Optimizing Content Migrations With Edge Compute

The more I learn about edge computing, the more I look for compelling use cases that developers can relate to. Today, I have one: edge redirects.

Background

Imagine you manage a website with a lot of content. I’m talking, like hundreds of thousands of articles. One day, you decide it’s time to change the domain name.

By this time, you may have amassed a million links back to your old domain. In order to prevent those links from breaking, you’ll want to set up a redirect server to handle the traffic going to the old domain, and redirect it to the new domain.

If your old server is using NGINX, you can add some configuration that looks like this:

server {
    listen 80;
    listen 443 ssl;
    server_name www.old-name.com;
    return 301 $scheme://www.new-name.com$request_uri;
}

This little snippet takes any request coming to the old URL and passes it along to a new URL. This has worked well enough for a long time, but what if I told you we could make it even better by using edge compute instead?

The Latency Issue

Imagine your servers live somewhere in North America. If a user in Asia goes to your old URL, their request has to travel all the way to North America just to be told “sorry, your princess is in another castle” (aka, the redirect instructions).

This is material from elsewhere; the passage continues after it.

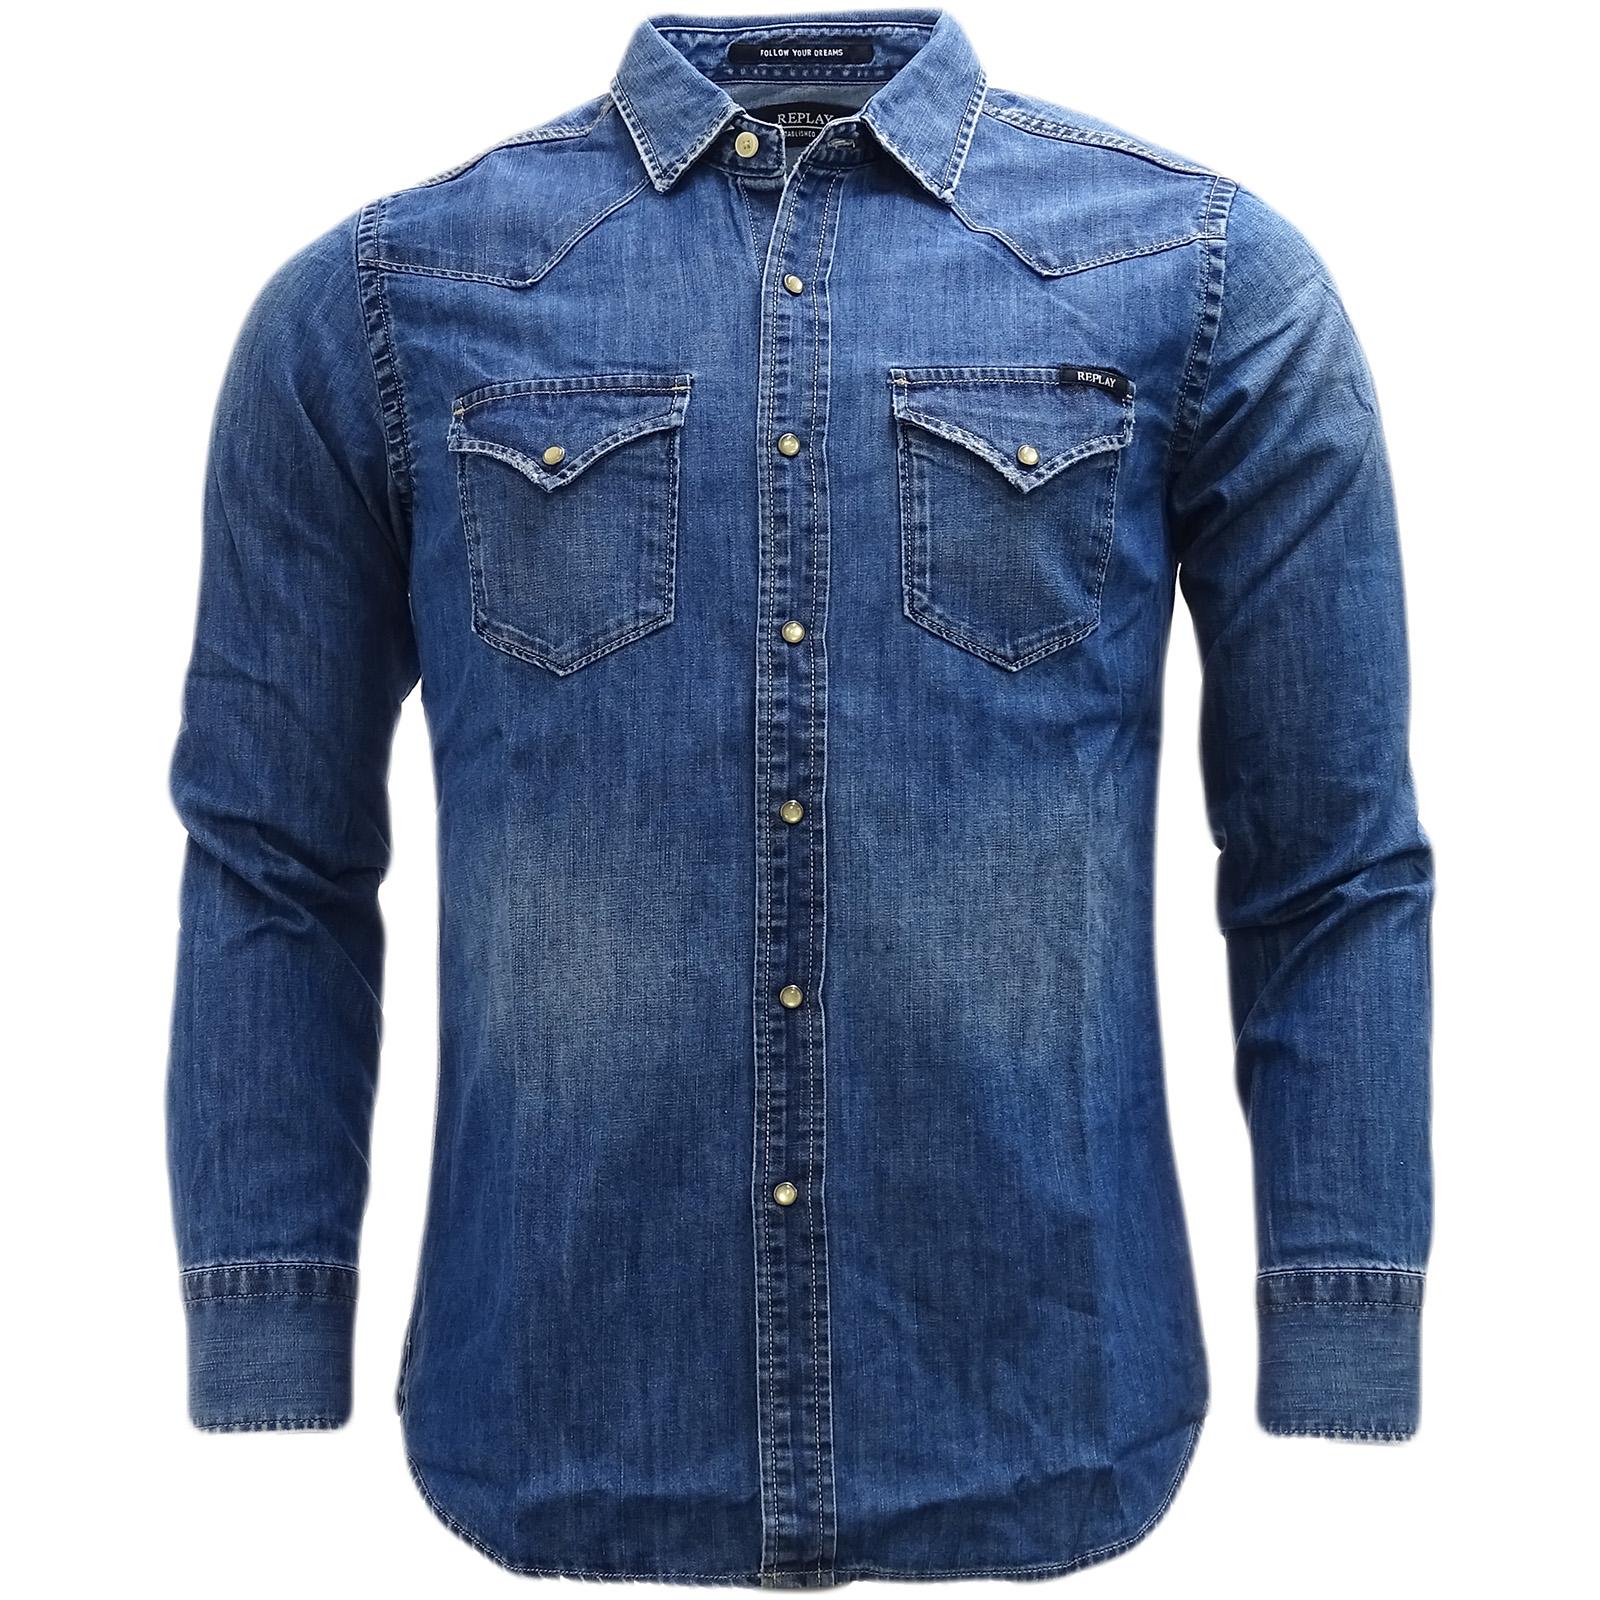 e1cfecc99 Sentinel Replay Blue Western Style Denim Shirt - M4860-009

That redirect response goes all the way back across the Pacific with the new location. Upon arrival, their browser now sends another request back to North America to get the real-real content, and finally the user gets to their original target, an amazing article on HTML forms ;D

Here’s a little diagram I made all by myself to help visualize.

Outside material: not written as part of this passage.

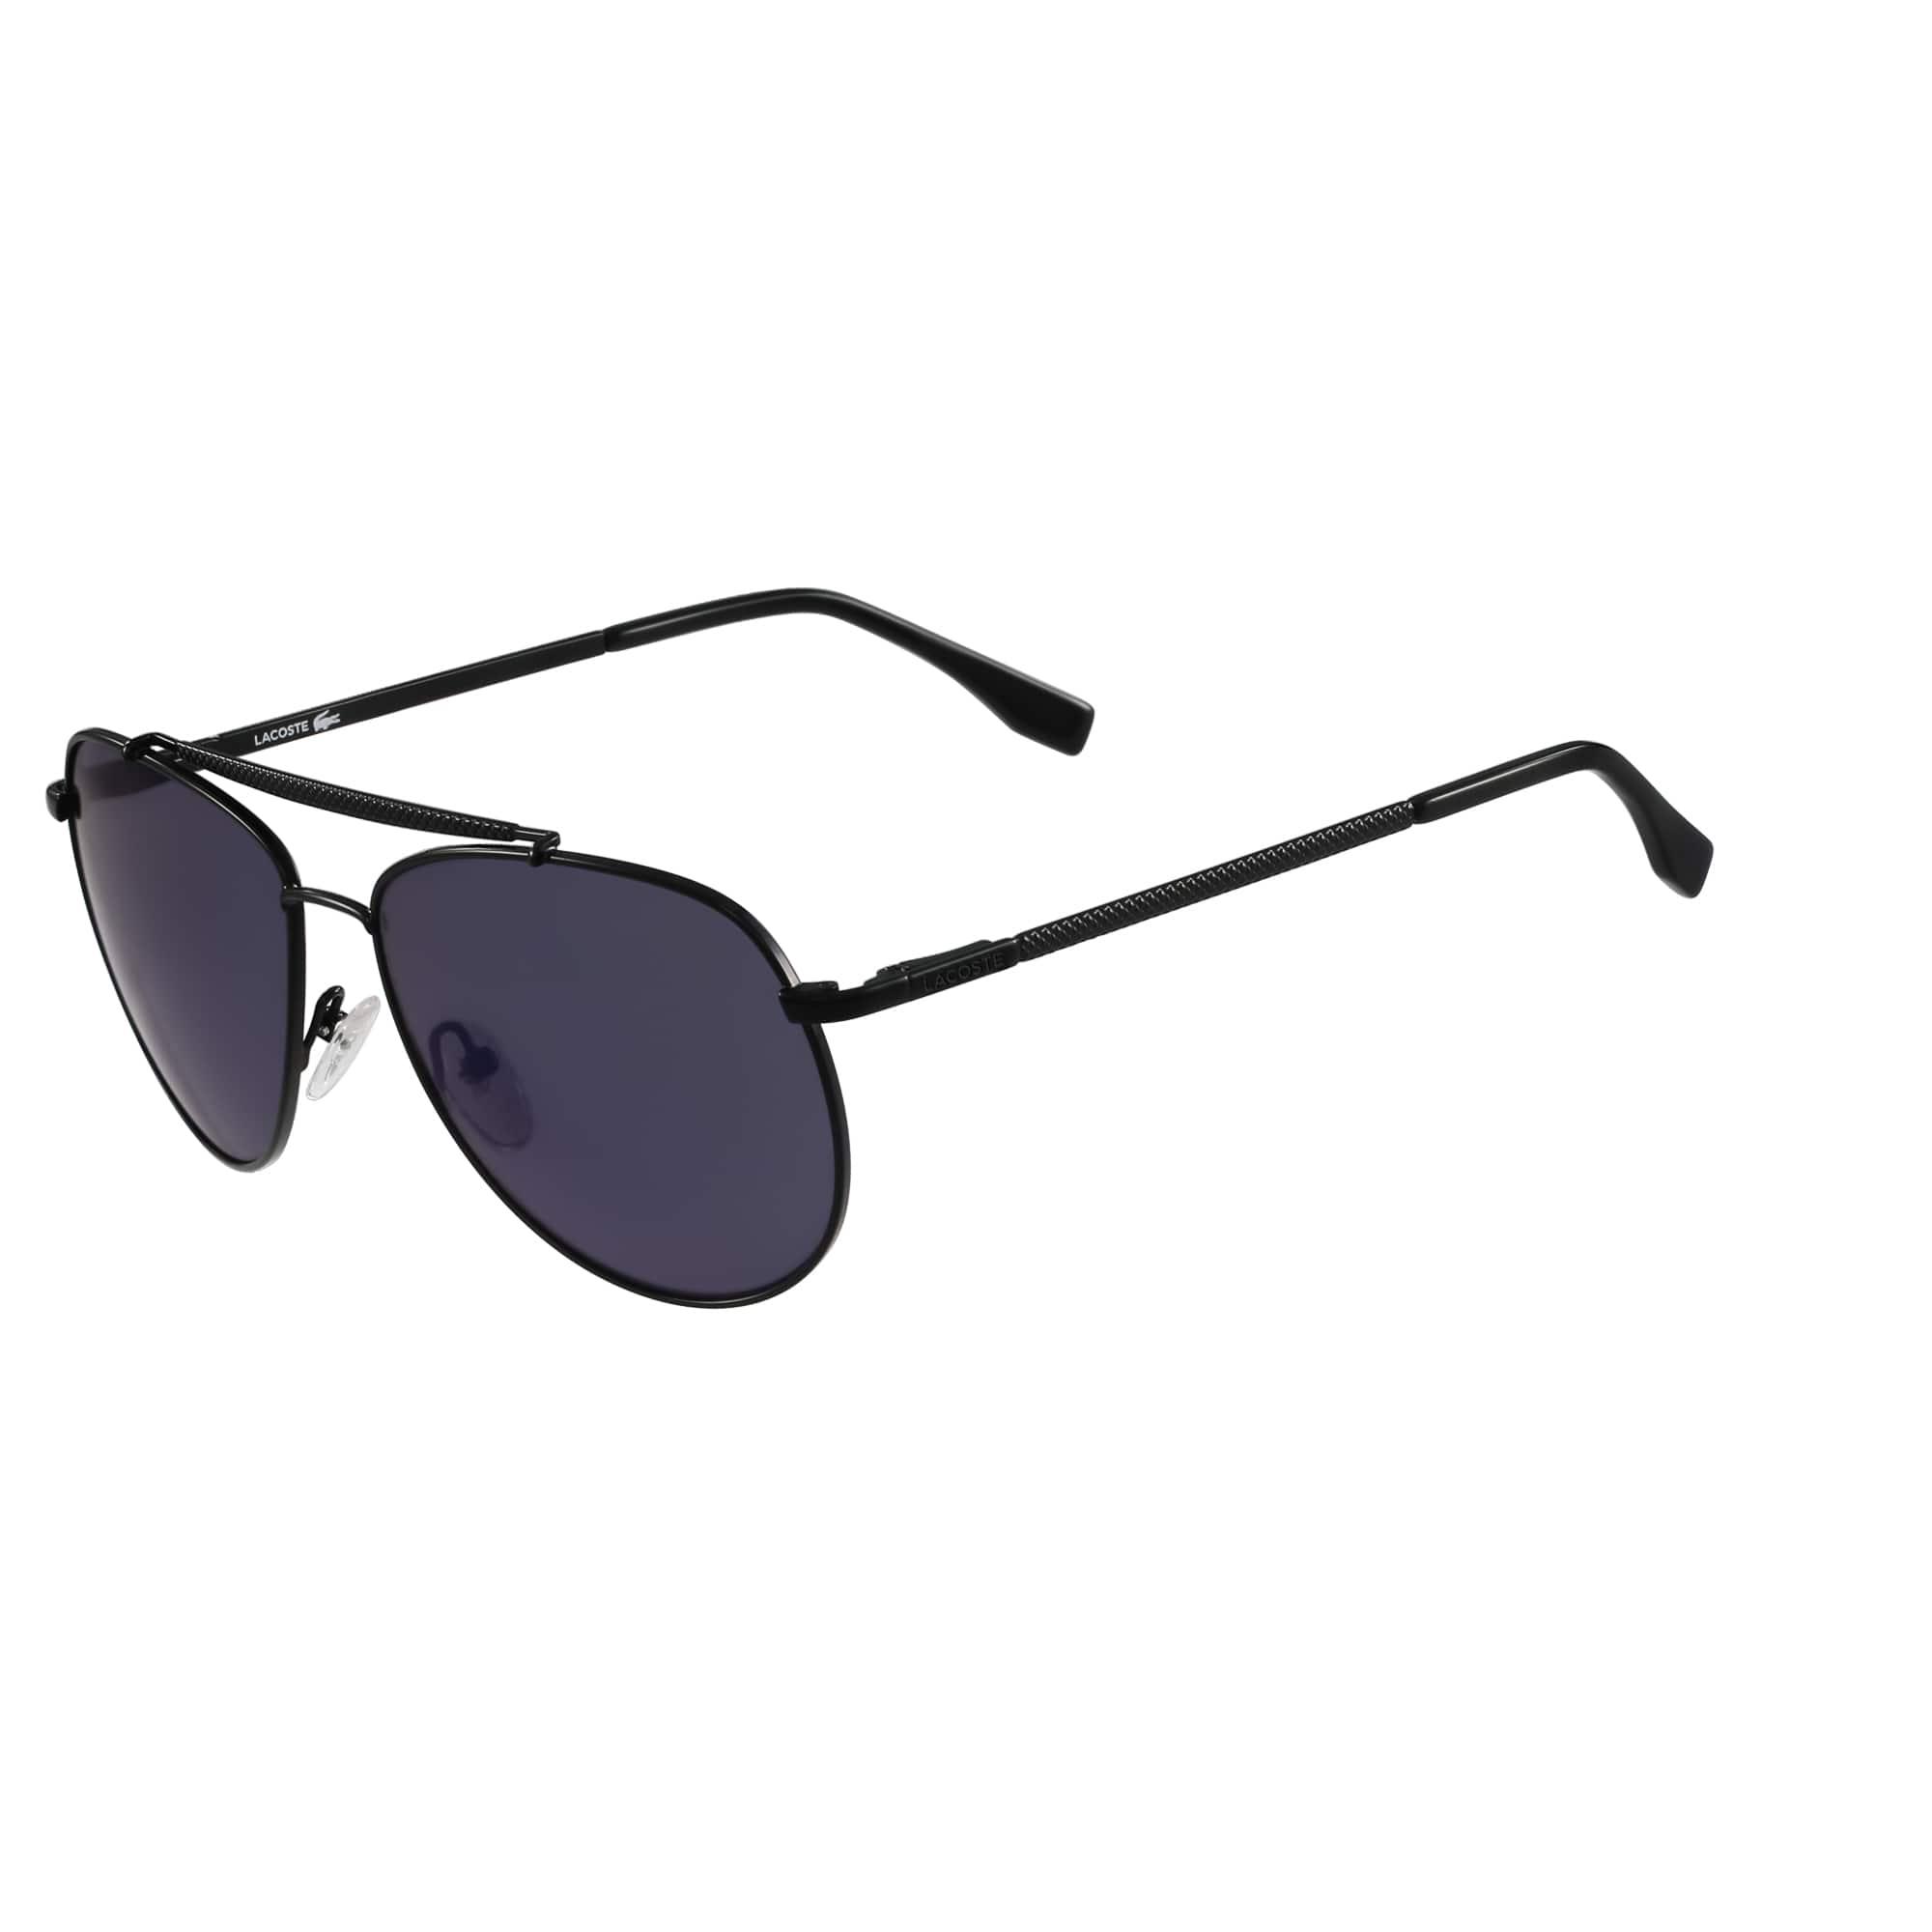 271b25b24db Sunglasses for Women

Flow diagram with a long arrow going from a user to the first server, then back to the user, then to the second server, and finally back to the user.
The user requests the old URL, the old server responds with redirect instructions to the new URL, the browser redirects the request to the new URL, and the response is finally sent to the user.

In case I haven’t made it painfully obvious by now, one big issue with this redirect chain is that the user has to wait for two round-trip flights half way across the world.

This additional time spent getting the redirect instructions can actually be greatly reduced with edge functions.

Edge functions are serverless functions that are deployed all over the world. Akamai, for example, has over 250,000 locations.

By setting up an edge function to handle the old URL, a user’s initial request only needs to travel as far as the nearest edge server to get the redirect instructions.

Let’s compare this with the same example above, but this time using edge compute.

A user in Asia goes to your old URL, their request only has to travel to the nearest edge server location (very possibly in their same city). The princess is still in a different castle (aka, the redirect instructions) but at least they were told right away. Once the browser sees the redirect instructions, everything plays out the same as above with the exception that now the user didn’t have to wait quite so long to read that amazing article (Seriously, I spent a ton of time on it. Please check it out).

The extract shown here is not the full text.